The MDS plot of the European populations showed a pattern of population differences that was consistent with our other analyses and earlier observations of a greater degree of differentiation in the geographical extremes of Europe [3], [5], [7], [9]–[11]. Our German, British and CEU samples formed a single cluster, possibly due to a lack of neighbouring reference populations, and contrary to studies with a more comprehensive sampling from Central Europe [7], [9]. The Swedes showed a wider spreading than the other populations, but this was supported neither by diversity calculations nor by a more detailed comparison of the IBS and MDS distance matrices (results not shown). Thus, the differential spread was at least partly an artefact of the MDS, where the representation in a few dimensions likely fails to capture all aspects of complex data. Thus, as visually attractive as the MDS plots are, they must be interpreted with caution and, if sample sizes allow, be accompanied with analyses based on allele frequencies.
And:
In fact, the differences between Eastern and Western Finns were of the same magnitude as the differences between Swedes and British, and much stronger than those between British and Germans. Thus, relevant units of genetic variation often do not correspond to preconceived political, linguistic or even cultural borders.

[1] Steffens et al. SNP-Based Analysis of Genetic Substructure in the German Population. Hum Hered. 2006;62(1):20-9. Epub 2006 Sep 21.

2 comments:

Anonymous said...

Incidentally, a different study reports an FST of 0.00054 between samples from north-east and southern Germany [1], suggesting the British and north Germans may be slightly more similar than some German subpopulations are to each other (although the data may not be strictly comparable).
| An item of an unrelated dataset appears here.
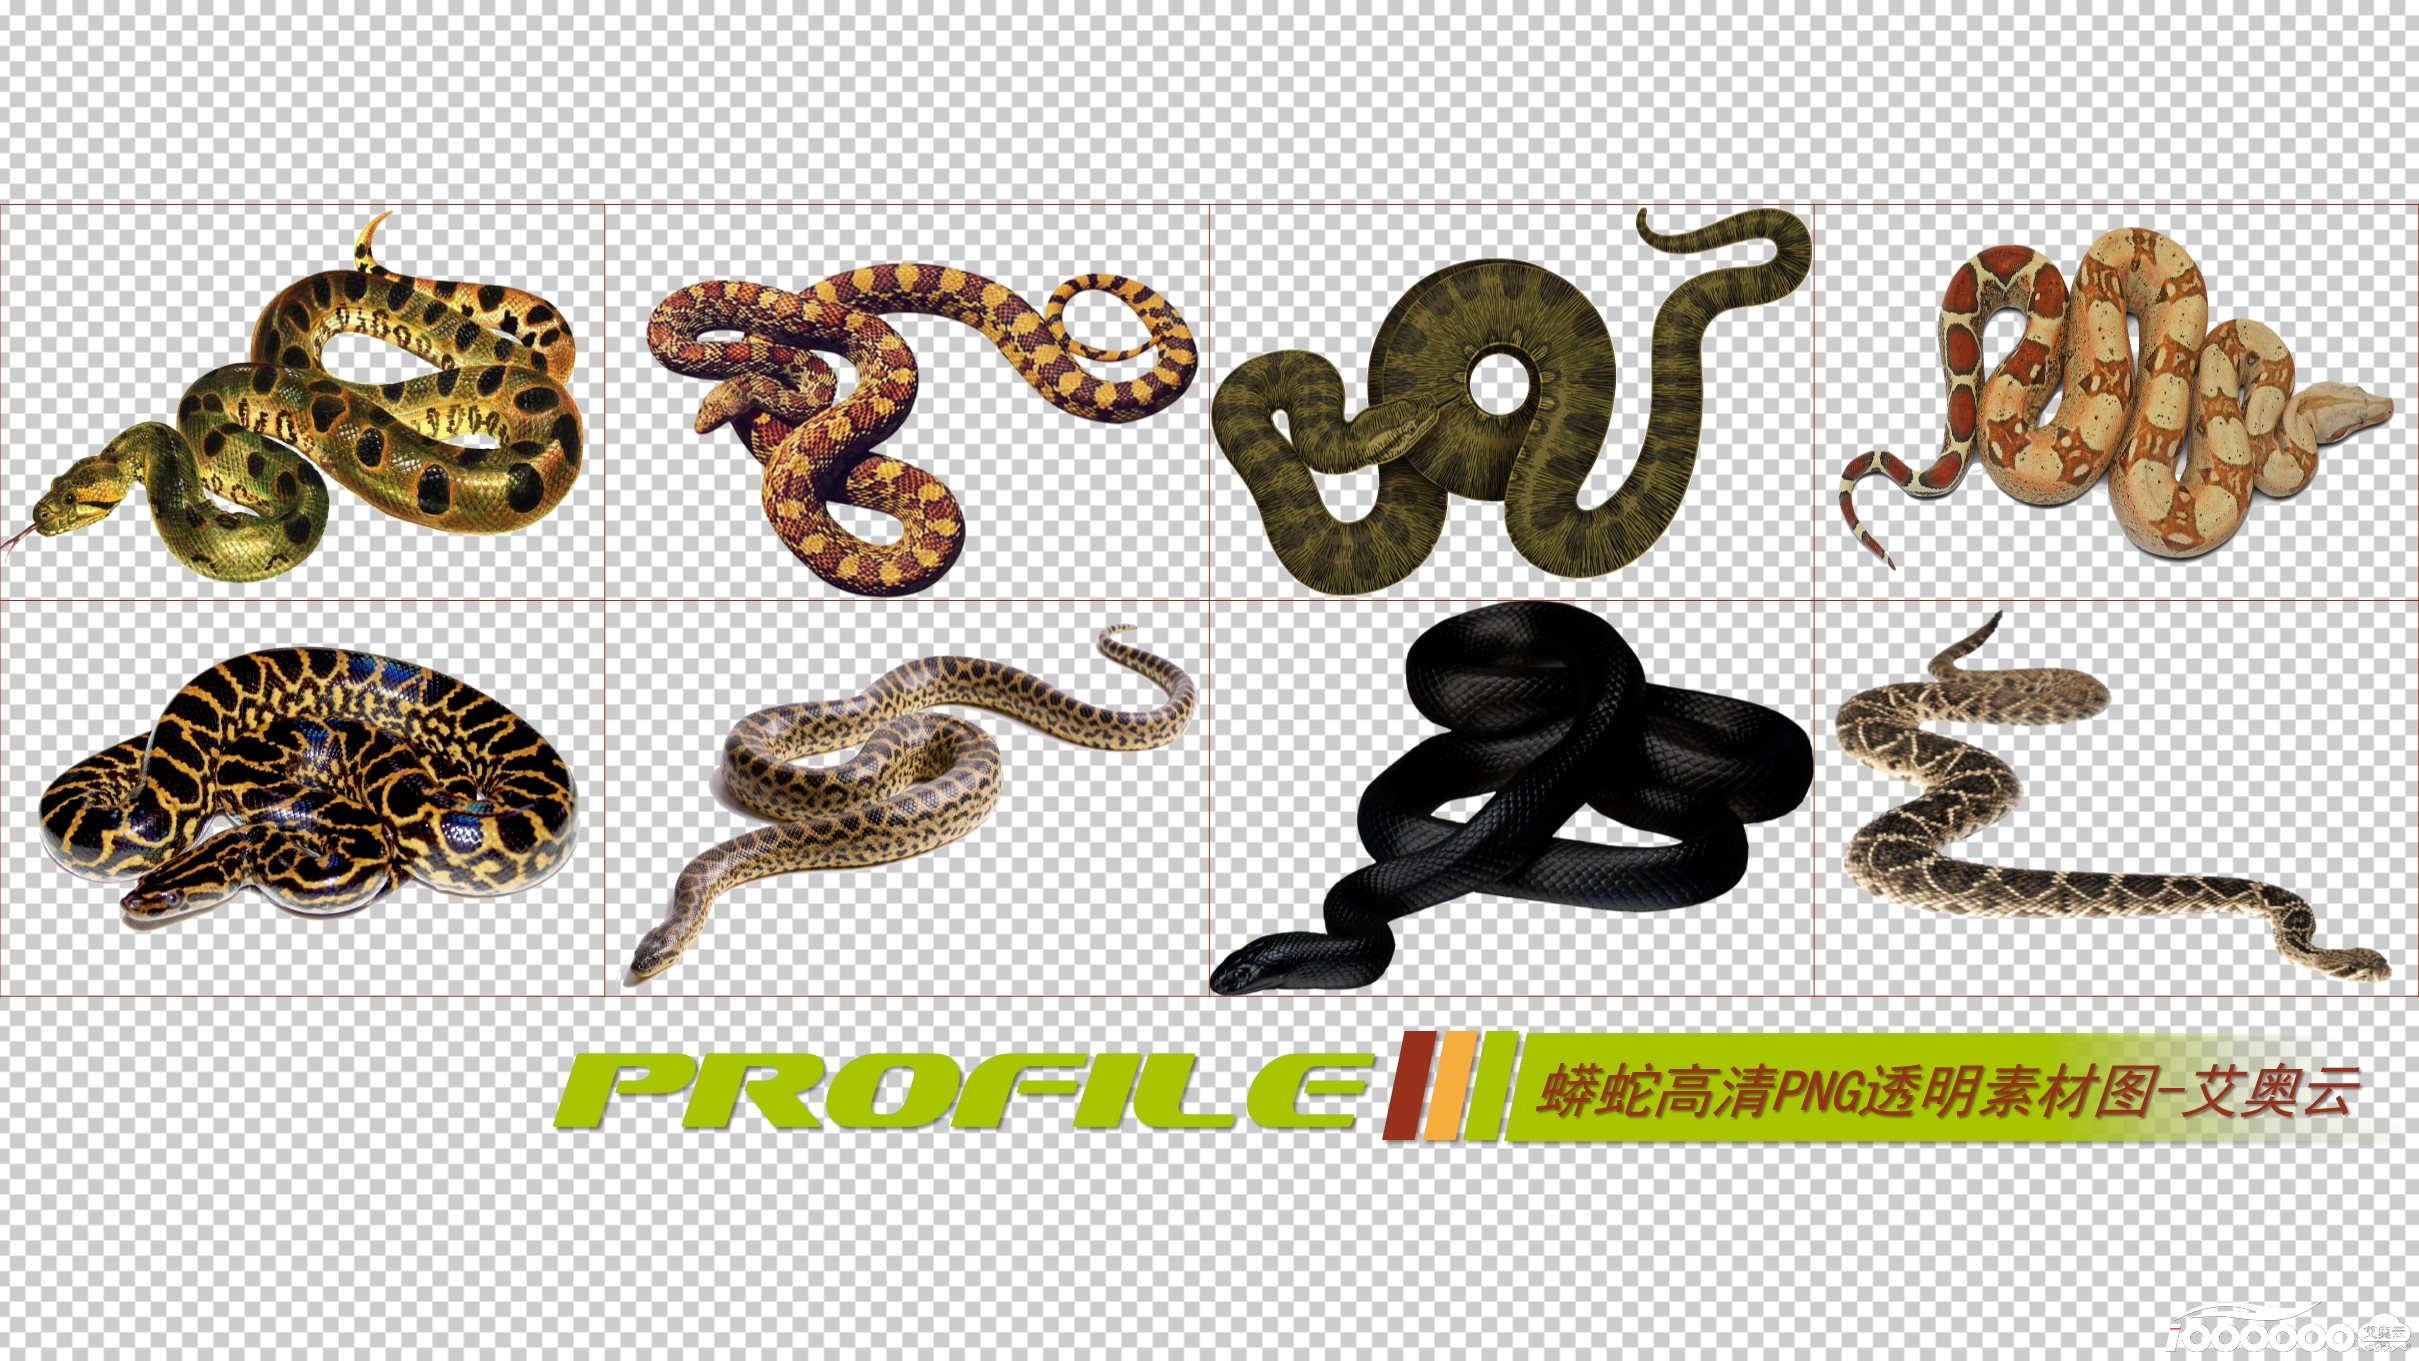 蟒蛇高清png透明图片图形素材打包免费下载 (1).JPG

There was another northern German population in the Steffens paper, from Schleswig-Holstein (northwestern Bundesland that borders Denmark). The FST measure between the southern sample (from Augsburg, Bavaria) and that from Schleswig-Holstein was 0.00017. (Between the 2 northern populations, FST was 0.000013).

Anonymous said...

Correction: between the northern populations, the FST estimate is -0.000013 (missed the negative sign). So, there is essentially no difference detectable using their combined marker set (combines 1 intragenic and 2 intergenic marker sets). Looking at Table 3, I notice that the 2 intergenic marker sets show very low levels of differentiation (FST 0.00009 and 0.00008) whereas the estimate with the intragenic marker set (from protein-coding genes, nonsynonymous or 'effective promoter alteration') is negative (-0.00017). The FST estimate estimate for southern vs. northern populations is also lower using the intragenic SNPs. For Augsburg/Schleswig-Hostein, the estimate is 0.00003 with a standard error of 0.00014. Each marker set only had ~70 SNPs. Using a larger commercial chip would improve these estimates.

It will be nice when large samples from European populations are publicly available (preferably from villages or small towns). Some of the larger studies with European populations unfortunately don't provide FST tables (I also had no luck in getting one when contacting the authors).